Affirm Holdings Inc.’s stock had experienced an impressive rally of approximately 125% in the three months leading up to its latest earnings report. However, this surge in value may have set expectations too high for investors, resulting in disappointment.
While Affirm managed to surpass expectations with its fiscal second-quarter results, Wall Street was taken aback by the company’s outlook for the second half of the fiscal year. The forecast implied a slowdown in growth concerning revenue, adjusted operating income, and gross merchandise volume. This revelation prompted Piper Sandler’s Kevin Barker to suggest that the bar had been set too high initially. He maintained his underweight rating on the stock but increased his target price from $14 to $19.
Consequently, Affirm shares experienced a decline of over 13% on Friday.
According to Wells Fargo’s Andrew Bauch, the report for the December quarter contains points of interest for both bullish and bearish investors.
“Bullish investors remain emboldened by Affirm’s exceptional execution in recent periods,” Bauch explained. “However, bearish investors may point to the company’s elevated valuation levels as a reason to avoid owning shares.”
Bauch believes that debates over Affirm’s valuation are ultimately fruitless, as the company lacks a genuine publicly traded peer for comparison.

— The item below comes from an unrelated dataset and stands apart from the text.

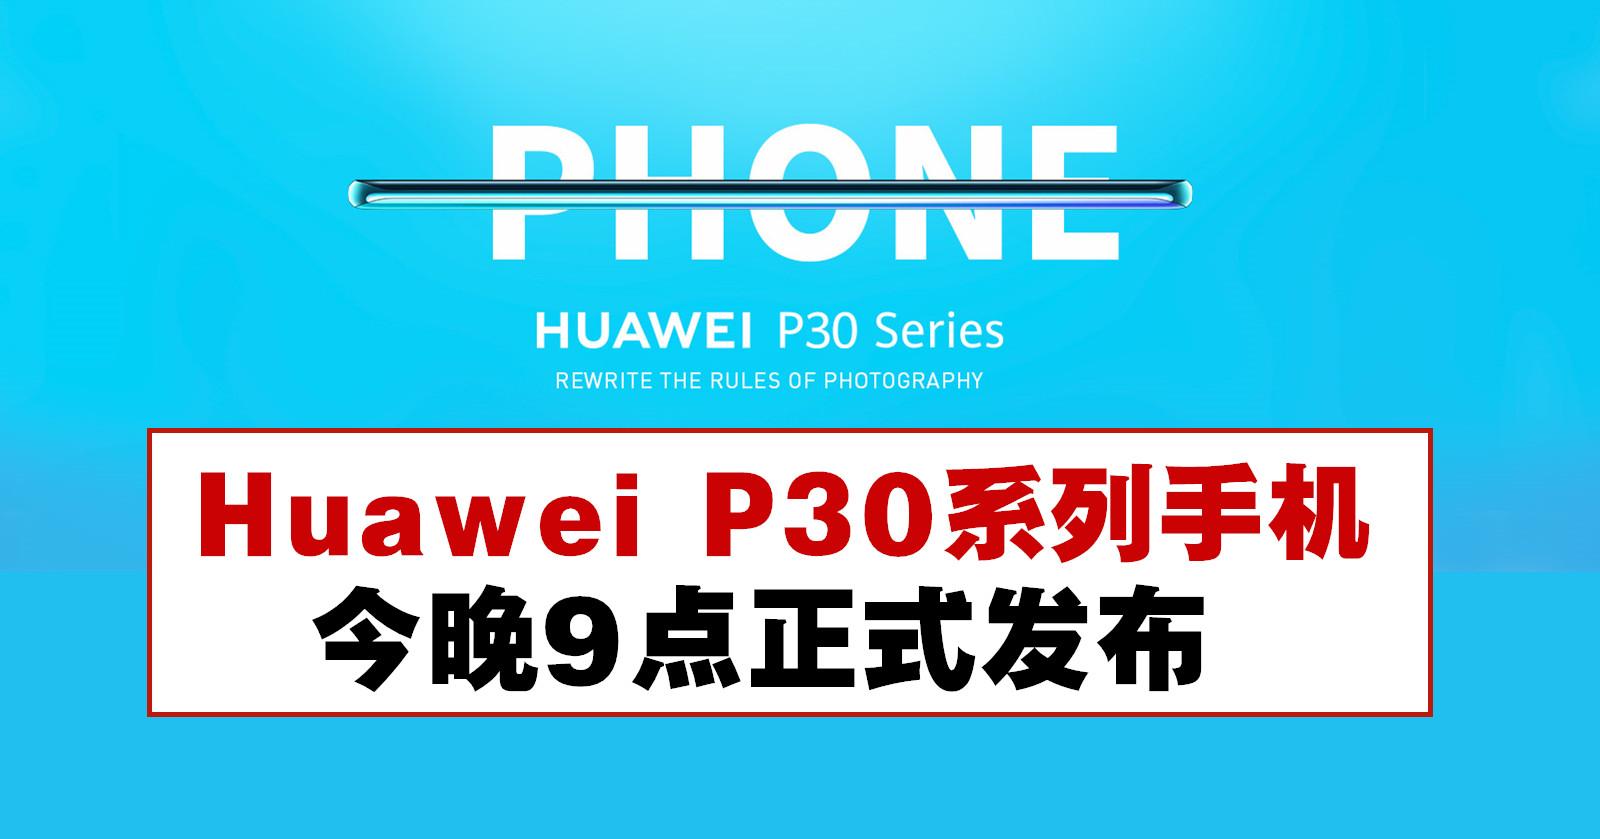 Huawei P30系列手机,今晚9点正式发布

Affirm: Mixed Opinions on Stock Valuation
Bauch Remains Positive, Doubles Price Target
In a recent report, Bauch maintained an equal-weight rating on Affirm’s shares but raised his price target from $20 to $40. Despite acknowledging the market’s current dissatisfaction, Bauch highlighted the unpredictable nature of stock prices, which are influenced by market momentum.
Faucette Questions Stock’s Overvaluation
However, James Faucette from Morgan Stanley presented a contrasting opinion. He argued that the stock appeared overvalued, as the company’s rate of improvement did not justify its current valuation. Faucette maintained an underweight rating on the stock and set a target price of $20.
Dolev Sees Buying Opportunity
On the other hand, Dan Dolev from Mizuho saw Friday’s stock selloff as a potential opportunity for investors. He expressed confidence in Affirm’s outlook and described the company’s goals as “easily” achievable. Dolev valued Affirm at 8 times estimated revenue for calendar 2025, suggesting the stock was trading at a reasonable multiple. He rated Affirm shares as a buy with a target price of $65, emphasizing the company’s innovative nature.
Despite differing opinions on Affirm’s valuation, it is clear that analysts are closely monitoring the company’s performance and have varying outlooks on its future.